Dans la deuxième partie de la nouvelle, c'est-à-dire après le mariage de Lucas, on
retrouve la même distribution des rôles. La vieille Nguanasse quitte la scène où elle est
remplacée par sa belle-fille, Maria, qui perpétue la tradition. Comme sa belle-mère, elle ne
parle jamais et le narrateur ne lui prêtera pas même sa voix, en rapportant ses propos comme
il le fait pour d'autres personnages secondaires ; il ne nous dévoilera pas non plus ses
sentiments. Elle n'est qu'un personnage qui passe fugacement sur la scène avant de disparaître
discrètement.
Elle est aussi une femme sans voix et, surtout, sans volonté propre : «Pouco depois, ela
teve 'barriga'. Assim o exigira o velho Macie» (p. 131). Elle n'existe que pour pérenniser la
structure familiale et la société traditionnelle, aussi est-elle réduite à remplir la fonction
somme toute animale de procréation.
Le personnage de la femme sans voix apparaît donc dans l'espace de la diégèse mais
n'intervient pas directement dans le récit. C'est un personnage passif, une sorte de présenceabsence particulièrement significative en ce qui concerne le rôle de la femme dans la société
mozambicaine, du moins dans la société traditionnelle.
3
La femme maltraitée
La première nouvelle met en scène une femme sauvagement battue par son mari,
auquel d'ailleurs l'auteur n'a pas donné de nom. Dans le récit, il est simplement «O homem da
Ngilina» (p. 84), désignation qui traduit la distance affective qui les sépare et, surtout, la
domination que le mâle exerce sur la femme par atavisme. Quelques comparaisons
suggestives traduisent l'état dégradant dans lequel son mari la maintient. Ce dernier la
considère en effet comme une esclave car il la fait travailler «todo o dia do xicuembo parece
burro de puxar nholo» (p. 83), et il la roue de coups en plus : «muinto purrada assim parece
mesmo boi de puxar charrua» (p. 83). Elle est en quelque sorte un simple outil de travail qui,
par exemple, «'stá pilar parece máquina de moer farinha» (p. 83).

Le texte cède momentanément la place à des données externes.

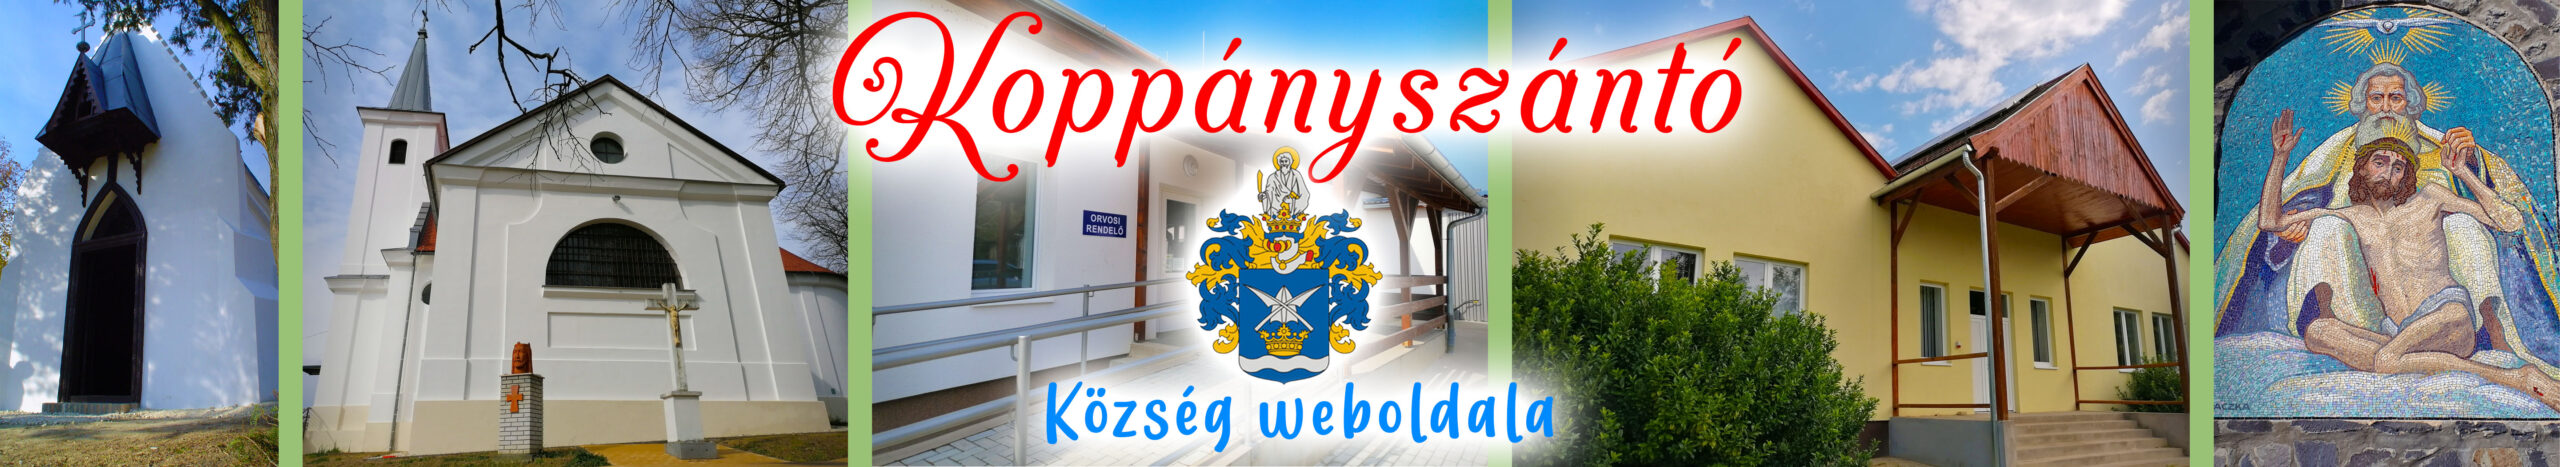 Koppanyszanto.hu

Malgré tout, son mari l'insulte et lui inflige des sévices corporels, à telle enseigne
qu'elle n'a plus qu'une seule envie : mourir (p. 83). Cette domination par la violence est
d'autant plus humiliante que Ngilina doit se conduire servilement avec son époux, comme s'il
était un grand seigneur. Le soir, quand il rentre, tout doit être prêt et, après qu'il eut pris son
bain, elle doit «ir ajoelhar com respeito e dizer :
- Tatana, vai comer.» (p. 84). Bien sûr, sa journée n'est pas terminée.

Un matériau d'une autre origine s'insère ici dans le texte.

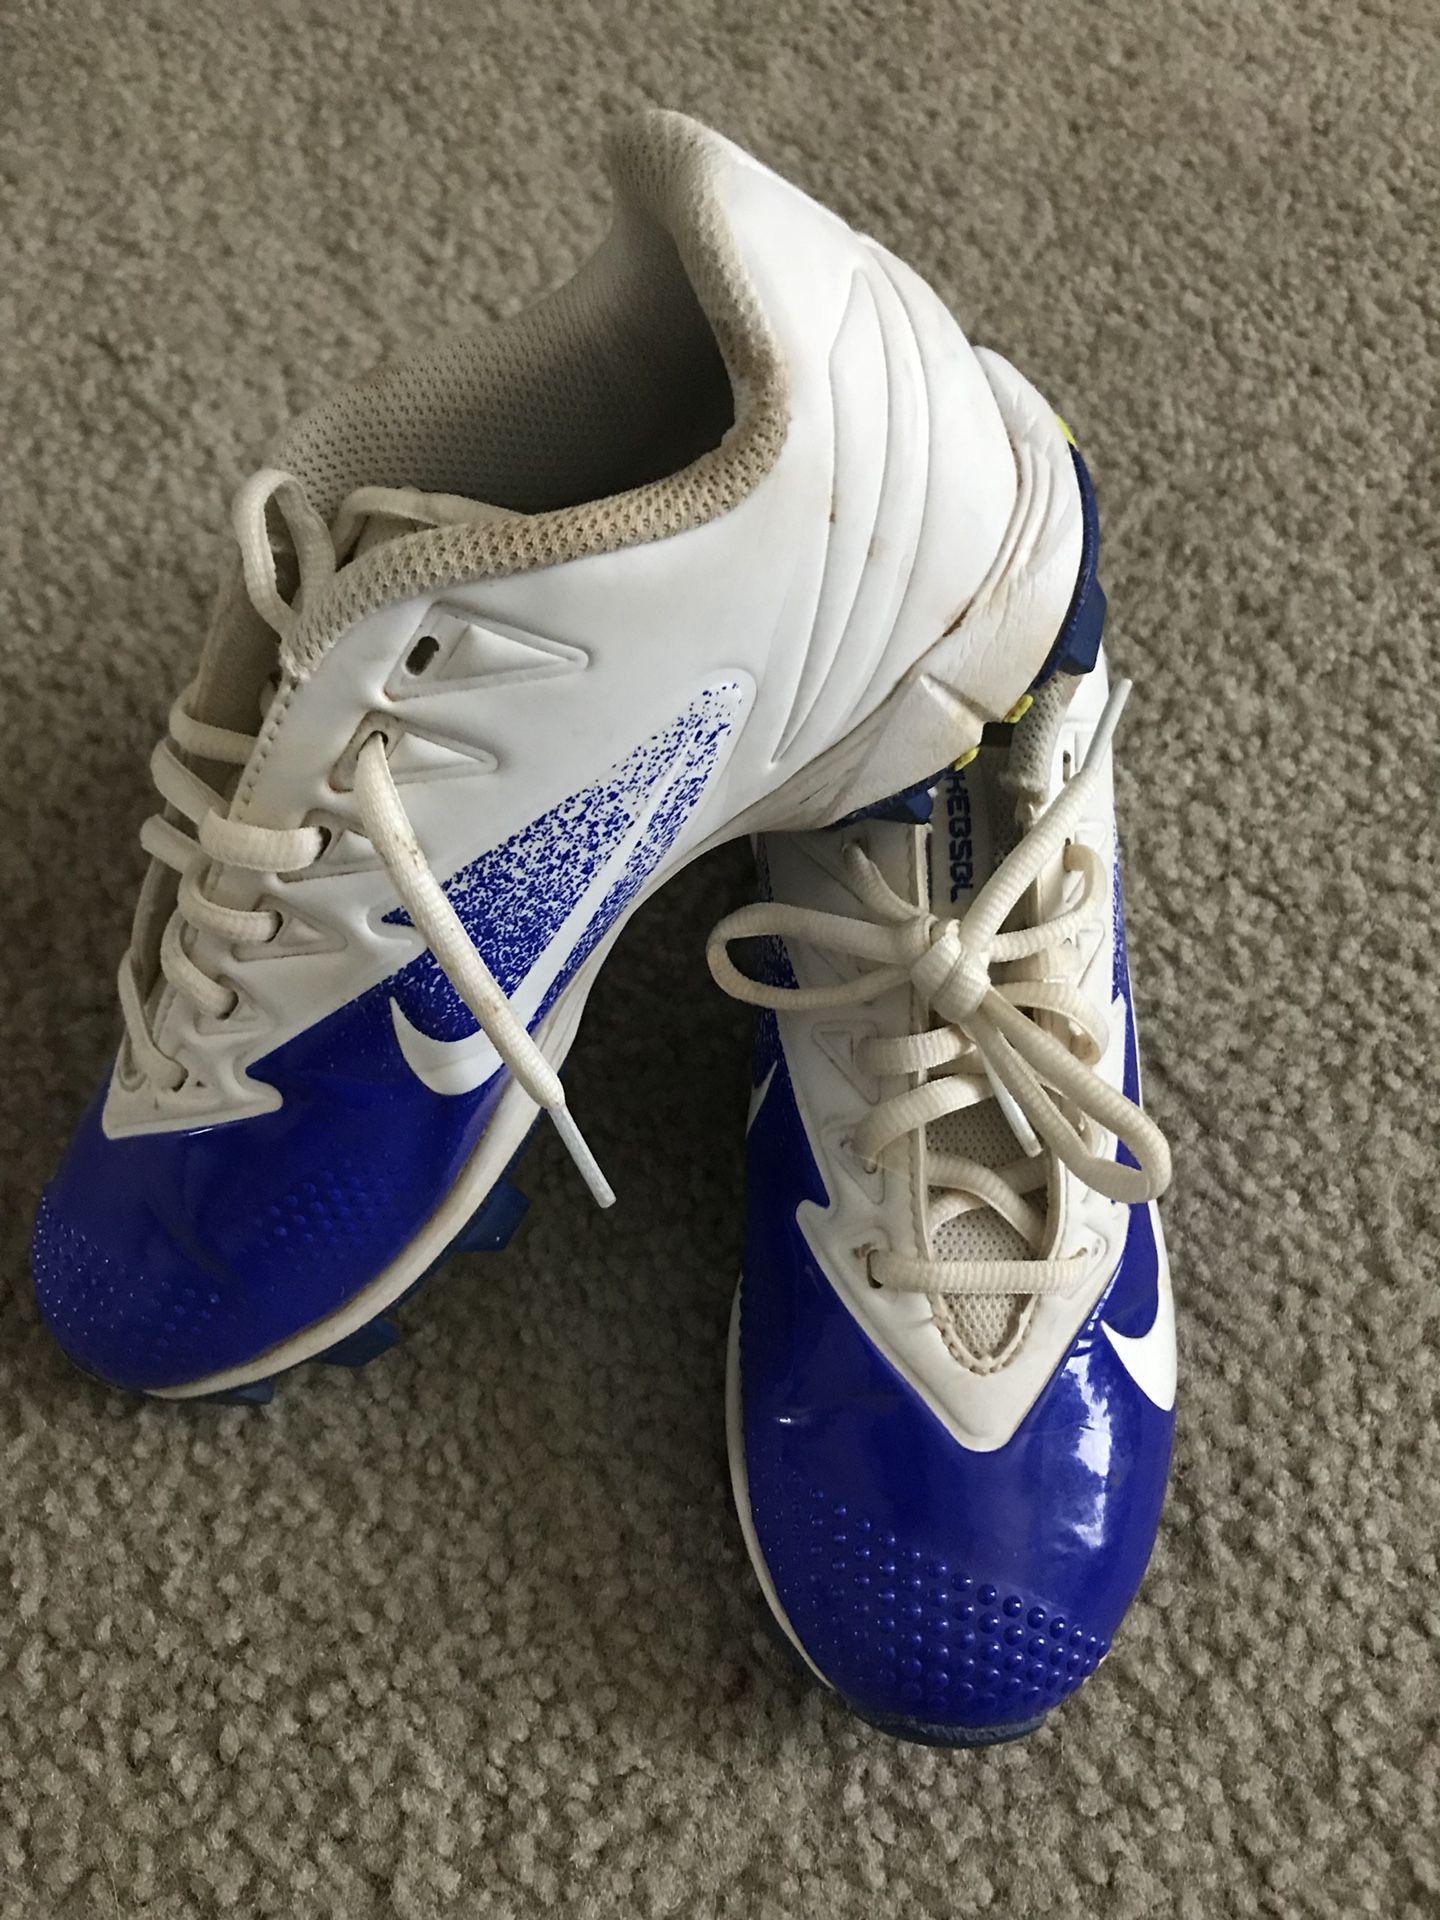 Nike Vapor youth baseball cleats size 2.5

Mais, qu'est-ce qui explique tant de brutalité? L'auteur, dans une analepse, nous fournit
des réponses d'ordre socioculturel. On apprend, en effet, que Ngilina a été victime d'une
pratique sociale très enracinée dans la société rurale, à savoir le lobolo. Ainsi, les pères ont le
droit de vendre les charmes juvéniles de leurs filles à des prétendants, jeunes ou âgés, qui leur
proposent des terres, du bétail ou de l'argent, entre autres choses4.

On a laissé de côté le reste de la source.